*Task brief*. Your response to the data below should hold nothing except the lines from the one containing "Will Extra-Thick No-Show" down to the one containing "A CARRIAGE OF", reproduced exactly and without pictures.
═════ Listed entries ═════
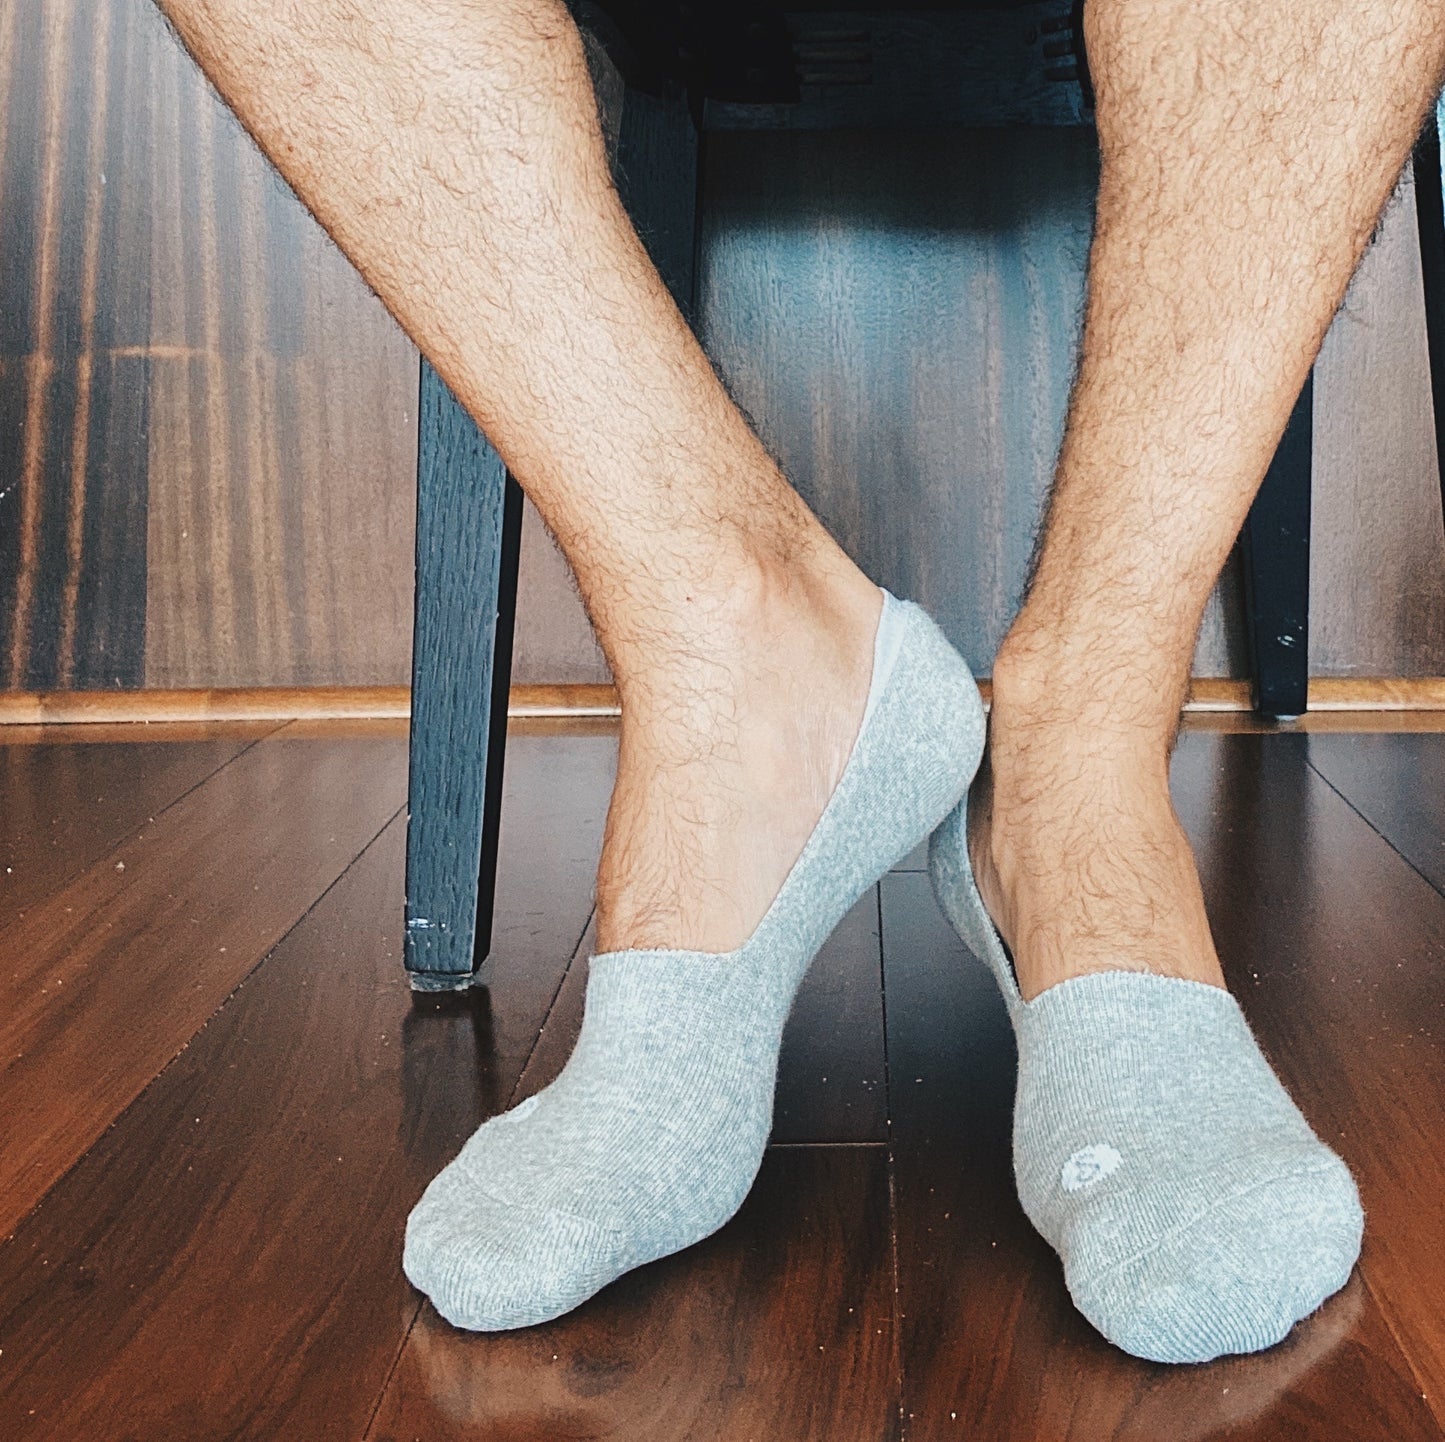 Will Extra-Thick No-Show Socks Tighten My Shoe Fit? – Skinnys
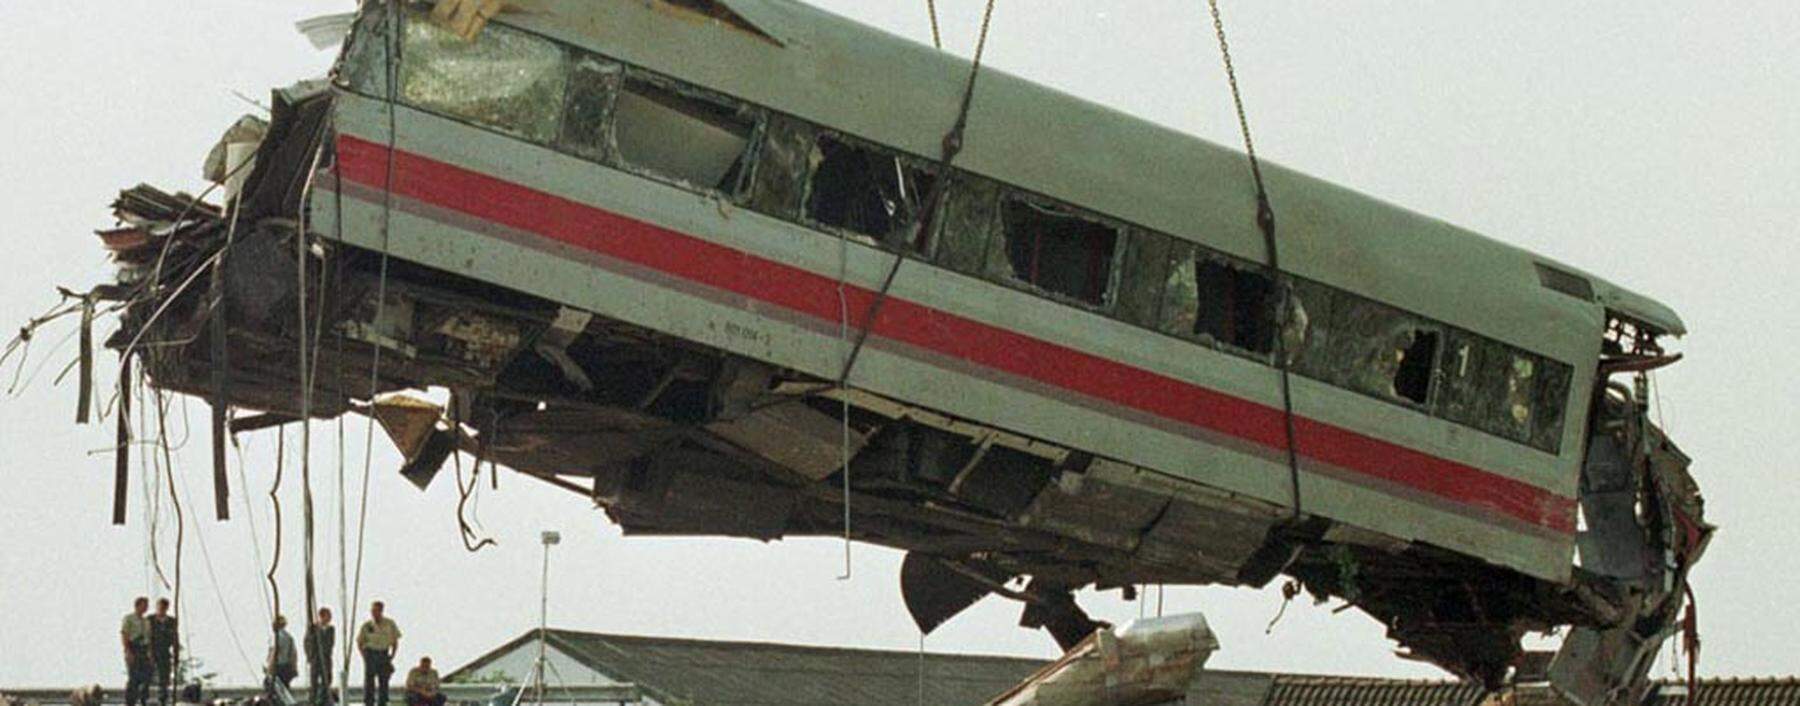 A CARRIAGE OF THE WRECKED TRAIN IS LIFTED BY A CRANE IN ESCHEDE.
═════
═════ Listed entries ═════
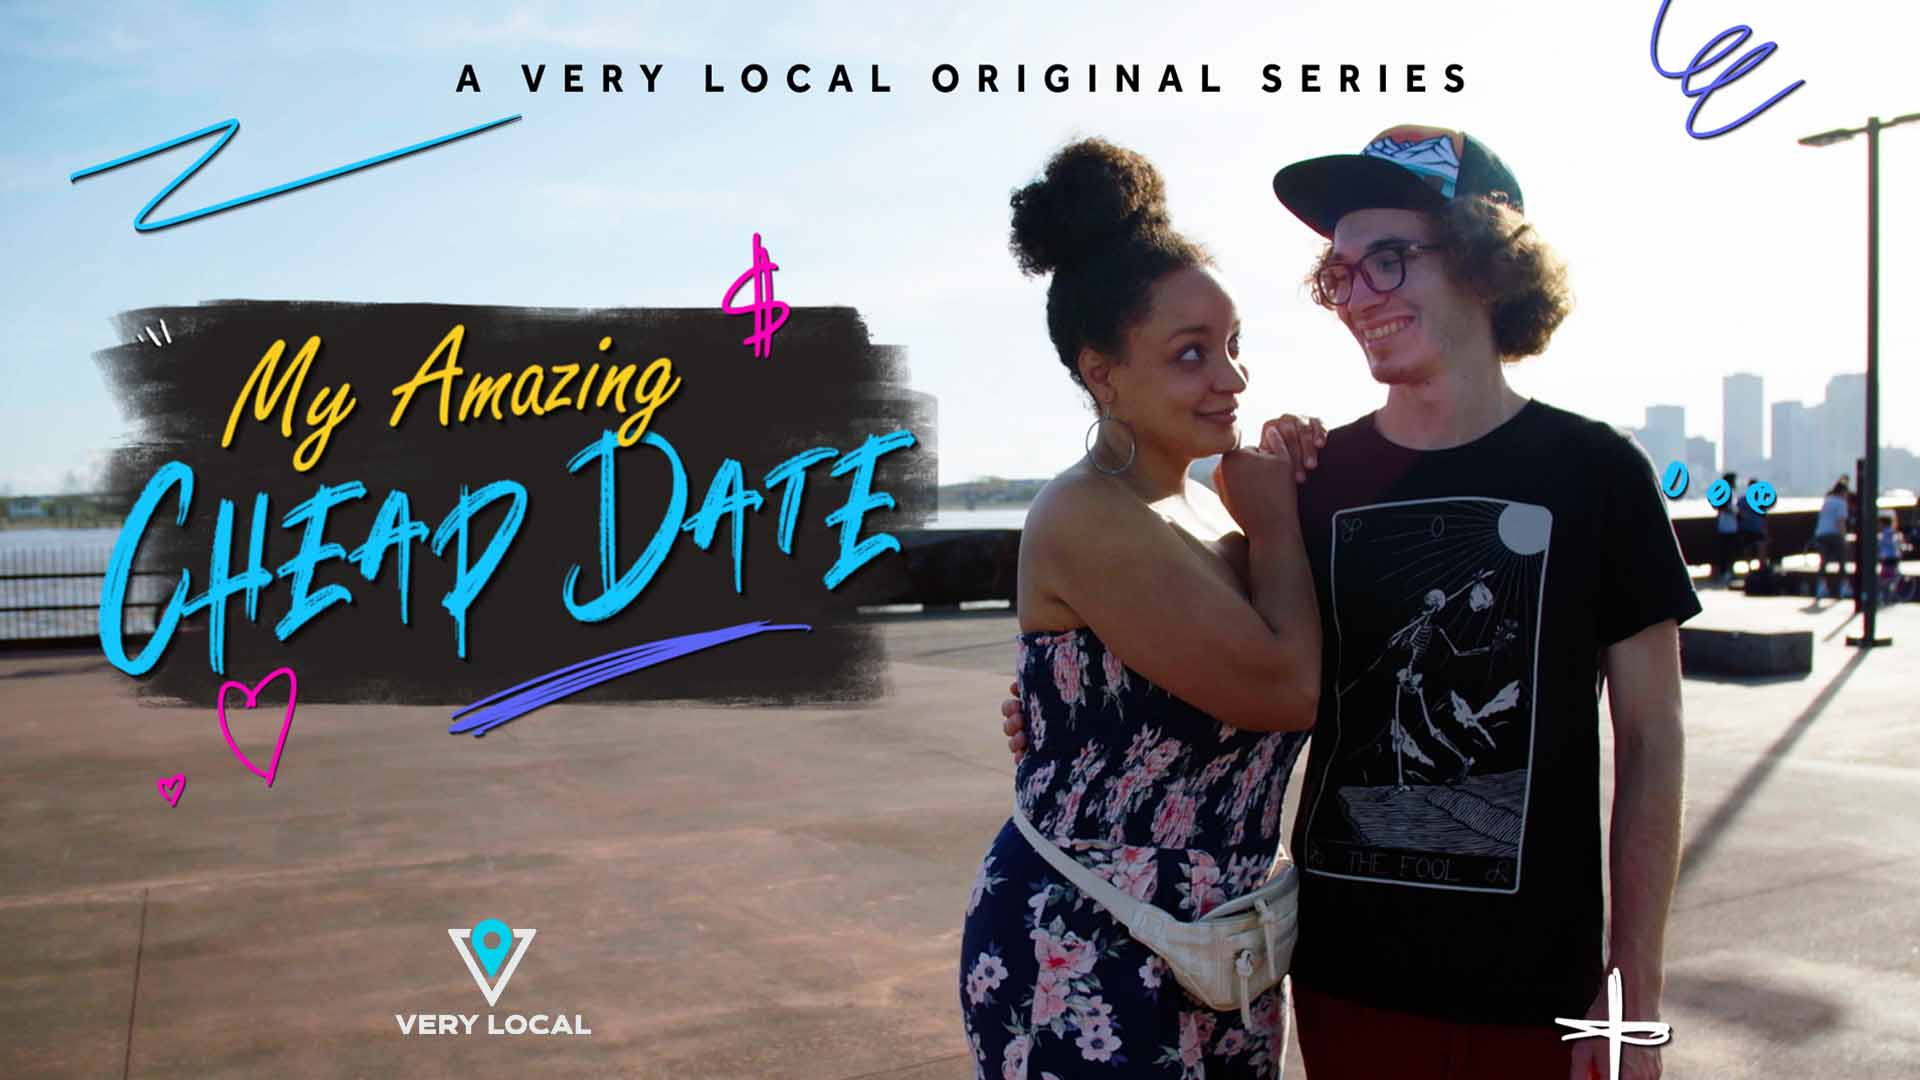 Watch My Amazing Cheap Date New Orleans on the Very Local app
═════
*Solution to the problem*.
 Will Extra-Thick No-Show Socks Tighten My Shoe Fit? – Skinnys
 A CARRIAGE OF THE WRECKED TRAIN IS LIFTED BY A CRANE IN ESCHEDE.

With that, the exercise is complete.